Welcome to another 4 week block of programming here at Steelworks Strength Systems!  Keep on reading to get a breakdown of how the training progresses from week to week as well as the theme and focus of each day.

Week 1 Day 1, Week 2 Day 6, Week 3 Day 5, Week 4 Day 4
SKILL: Agility
STRENGTH:  Speed, Speed Strength, Maximal
ENERGY SYSTEM DEVELOPMENT (ESD):  Aer0bic

The block kicks off with an agility hurdle complex focusing on double leg hops in a variety of directions.  This complex is superset with some rotational power work in the piked position.  In the Strength portion, high intensity low volume back squats will be the sole focus of this section. In fact, this theme of lower volume sets and heavier weights will be a hallmark of this block.  Get ready to crank it up, people!  The day’s work will conclude with a moderate intensity/duration ESD workout.

Week 1 Day 2, Week 2 Day 1, Week 3 Day 6, Week 4 Day 5
SKILL:  Reaction
STRENGTH: Speed, Speed Strength, Maximal
ESD: Aerobic

Non countermovement reaction based broad jumps will kick off the day’s Skill work.  Great prep for some heavy posterior chain work coming in the Strength work.  The broad jumps will be superset with medball power work with behind the head forward wall throws.  As previously mentioned, the day’s Strength work focuses on the posterior chain in the form of some high intensity low volume deadlifts!  The day’s work will conclude with a moderate intensity/duration ESD workout.

Week 1 Day 3, Week 2 Day 2, Week 3 Day 1, Week 4 Day 6
SKILL:  Balance
STRENGTH:  Speed Strength, Power, Maximal
ESD:  Aerobic

While a great party trick, handstand walks have great utility for building a new type of body awareness and skill as well as improving overhead mobility and strength.  That Skill work will be superset with some rotational medball power work.  Snatch balances return to the programming in the day’s Strength work.  Building off the last block’s heavy overhead squats, the snatch balance will continue to improve your overhead stability and power giving more confidence when pulling under a tough snatch!
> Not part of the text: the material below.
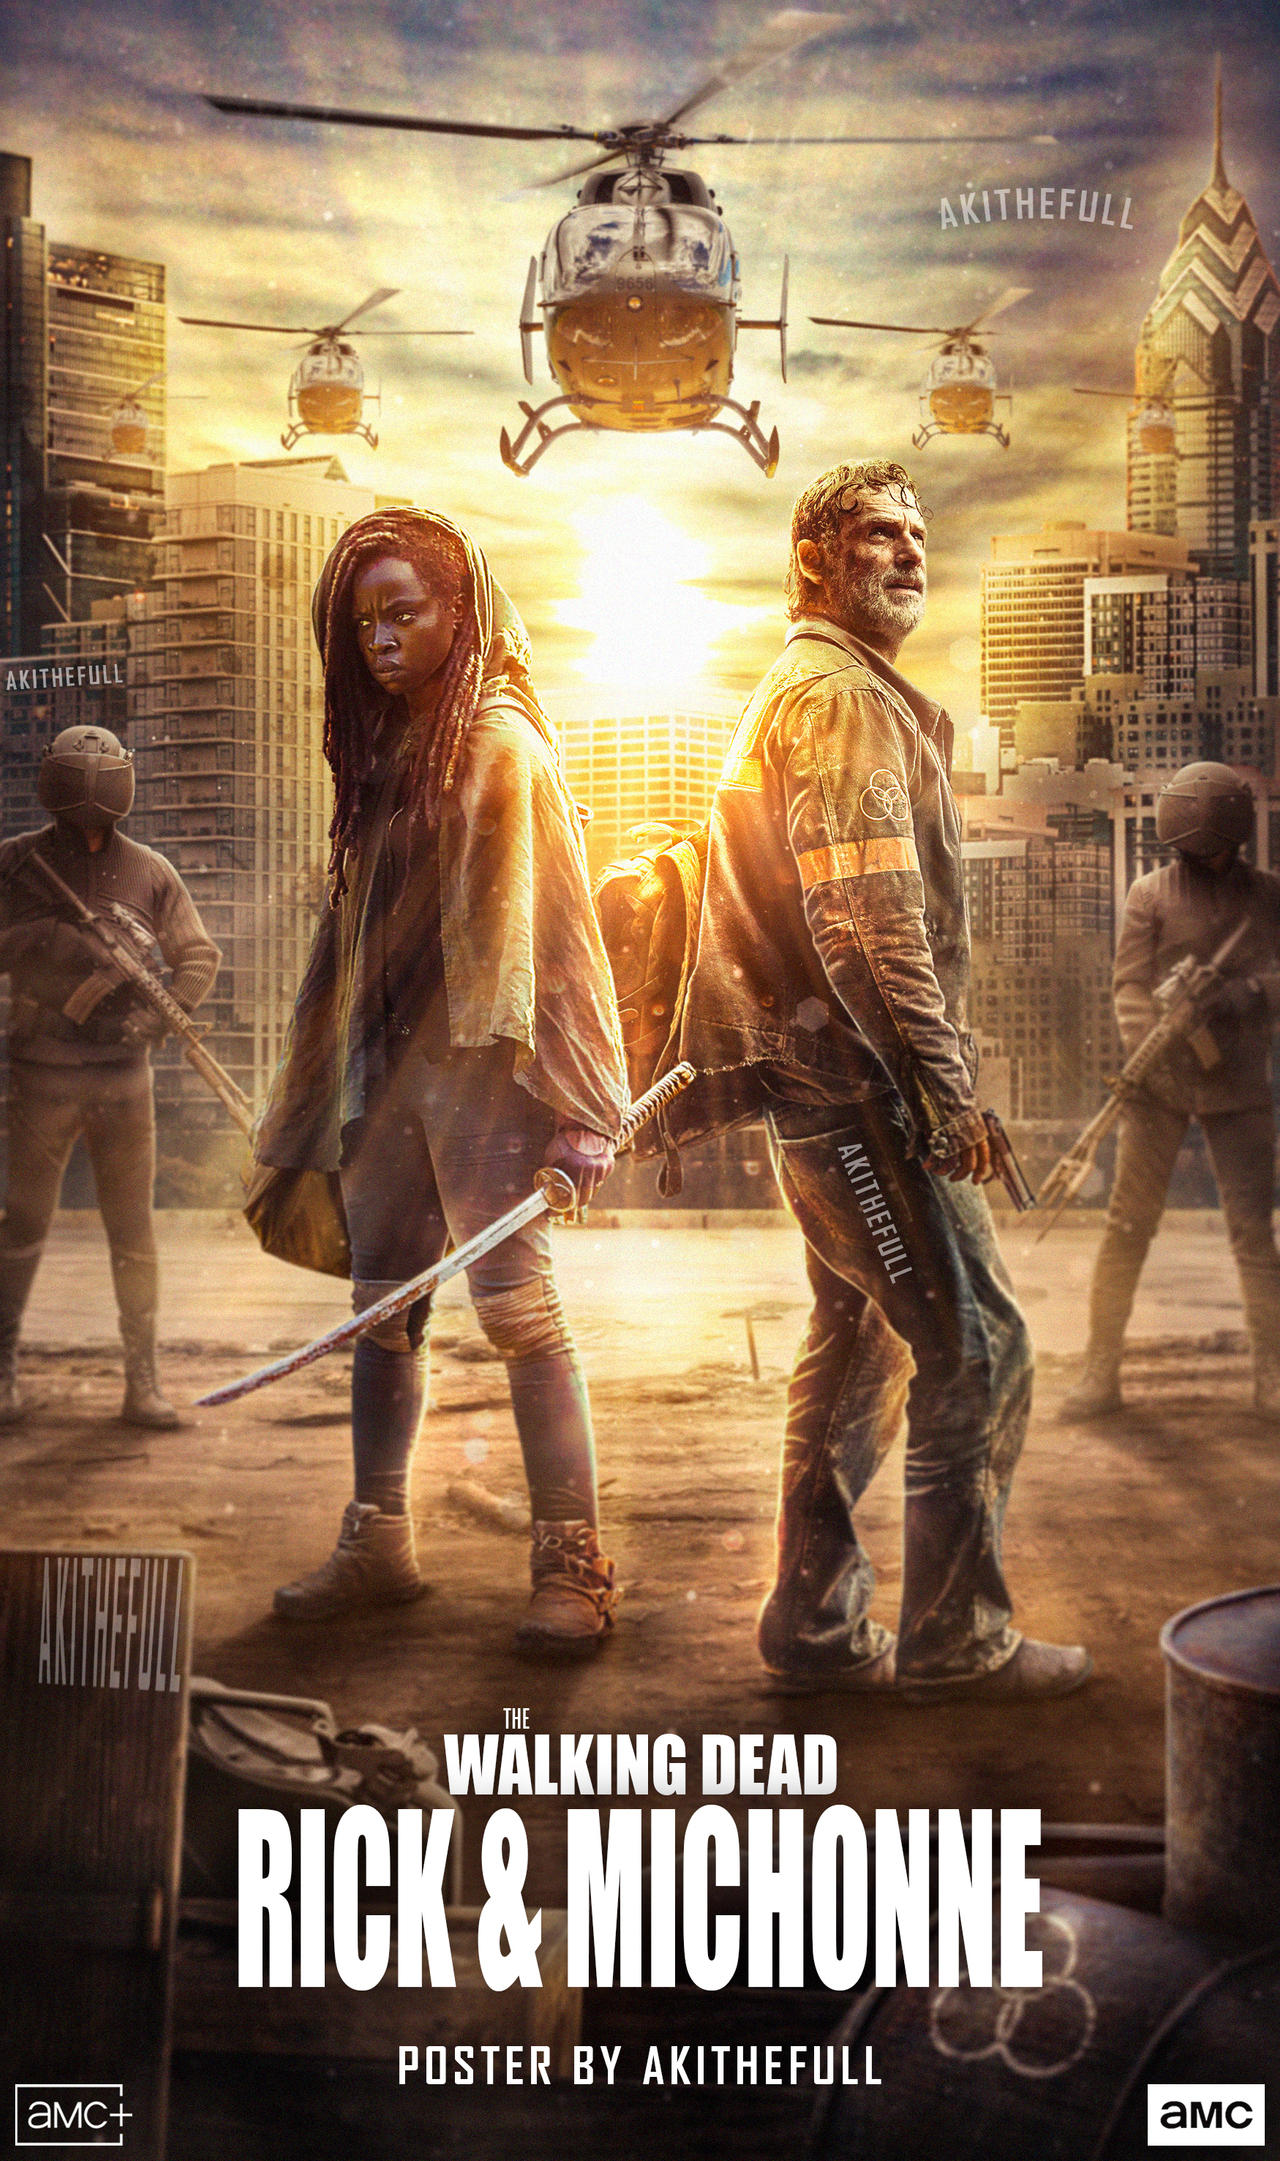 The Walking Dead Rick And Michonne Poster by AkiTheFull on DeviantArt
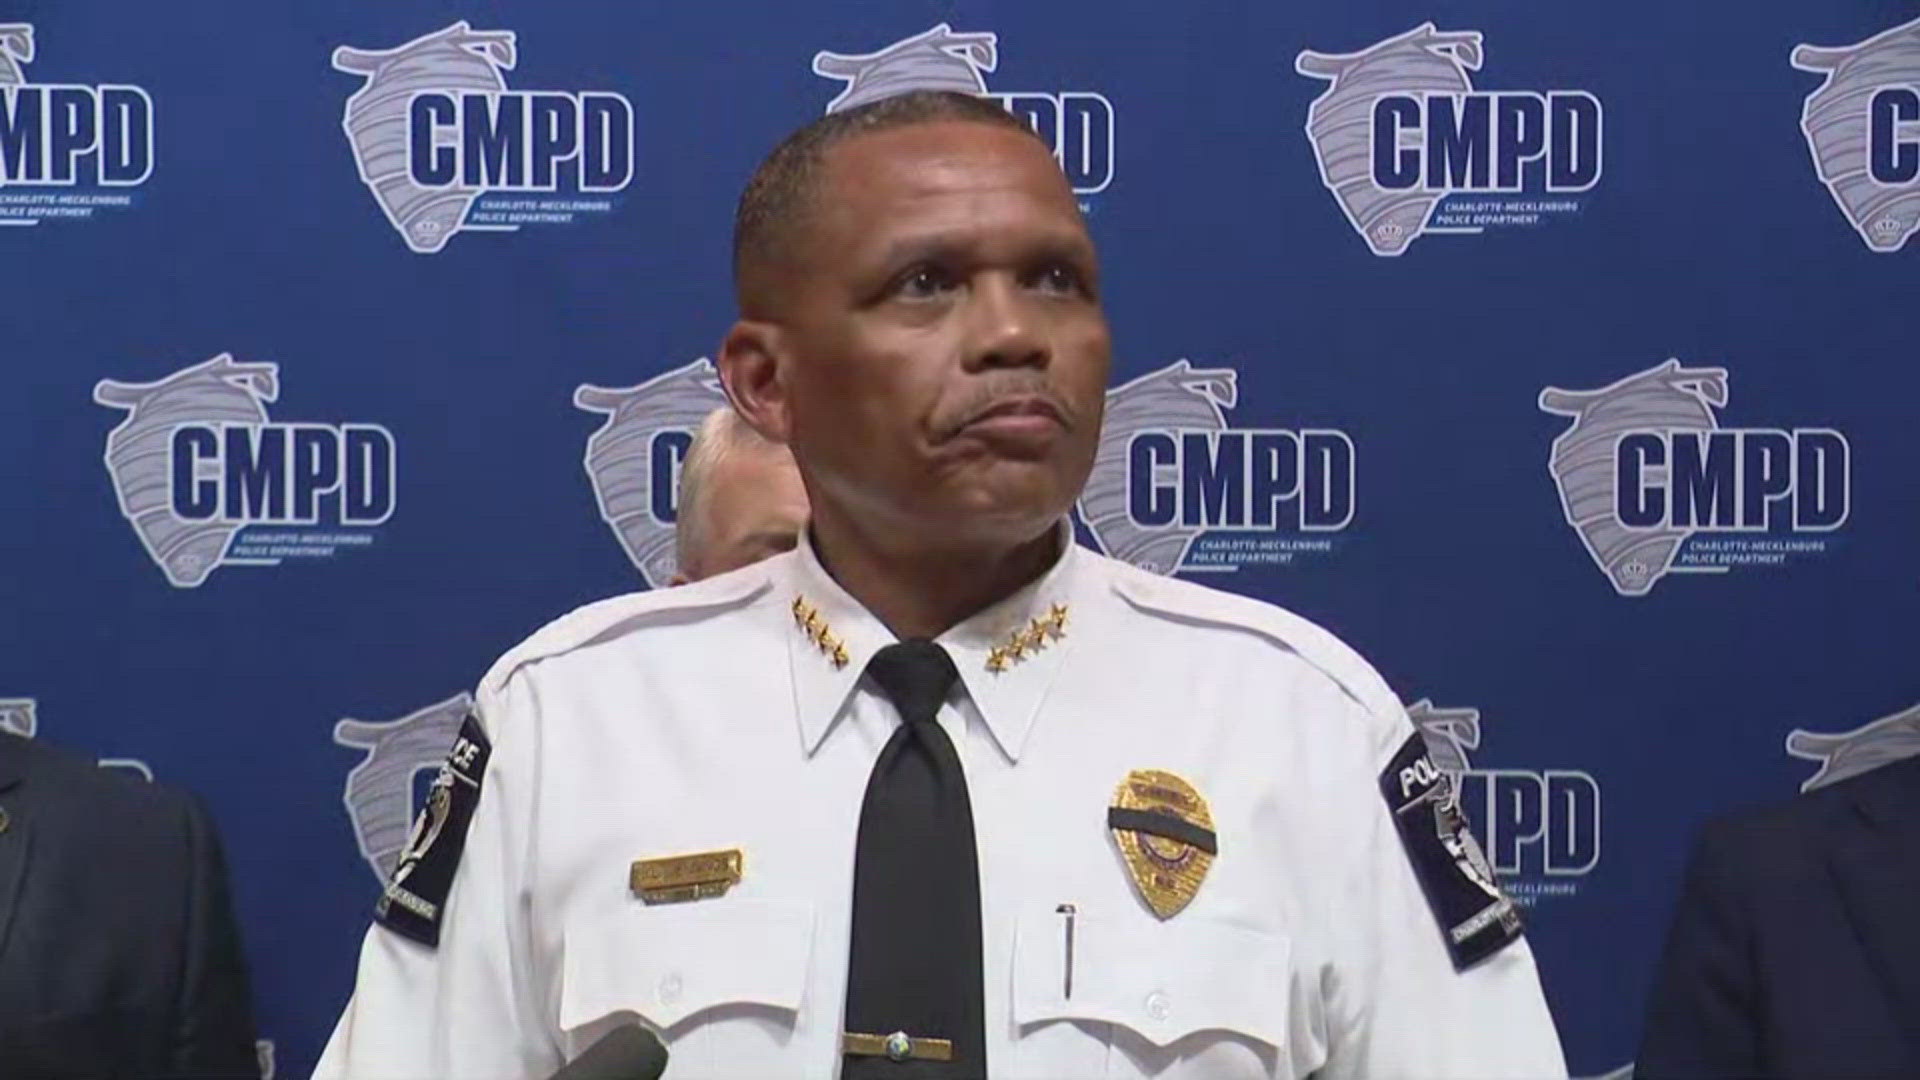 Charlotte-Mecklenburg Police Department Chief Johnny Jennings believes those who have committed crimes should be held "accountable" for their actions.

The day’s work will conclude with a moderate intensity/duration ESD workout.

Week 1 Day 4, Week 2 Day 3, Week 3 Day 2, Week 4 Day 1
SKILL: Reaction
STRENGTH:  Maximal
ESD:  Alactic

Reaction based jumps (plyometrics) are superset with some rotational medball power work in today’s Skill work.  Moving on to the Strength work, Jefferson deadlifts (a new deadlift variation) and strict ring dips are the focus.  We finish off the day’s session with a battle rope complex of alactic intervals: Six sets of 15 seconds as fast as you can move through each battle rope variation.

Week 1 Day 5, Week 2 Day 4, Week 3 Day 3, Week 4 Day 2
SKILL:  None
STRENGTH:  Maximal
ESD:  Glycolytic

No Skill work today in prep for the day’s ESD.  The class kicks off with heavy front squats in the day’s Strength work.   Today’s ESD is the hardest of the week.  It is meant to make you feel uncomfortable and challenging.  Unlike the rest of the week’s ESD, going deep into the well is totally fine.  Push yourself today.

Week 1 Day 6, Week 2 Day 5, Week 3 Day 4, Week 4 Day 3
SKILL:  Agility
STRENGTH:  Speed Strength, Maximal
ESD: Aerobic

The day’s Skill work kicks off with an agility sequence guaranteed to help you quickly change directions out on the court or field.  If sports aren’t a mainstay in the routine, this sequence will help you develop strong ankles, knees, and hips, as well as improve body awareness and rotational skill.  A second movement closes out the Skill work:  single leg medball accelerations.  Learn how to accelerate your body forward and iron out some power imbalances between the legs.  Heavy deadlifts, moderately heavy barbell rows, and calisthenic core work make up the day’s Strength work.  Given the neurologically challenging work today, the ESD will be very short, but…fun.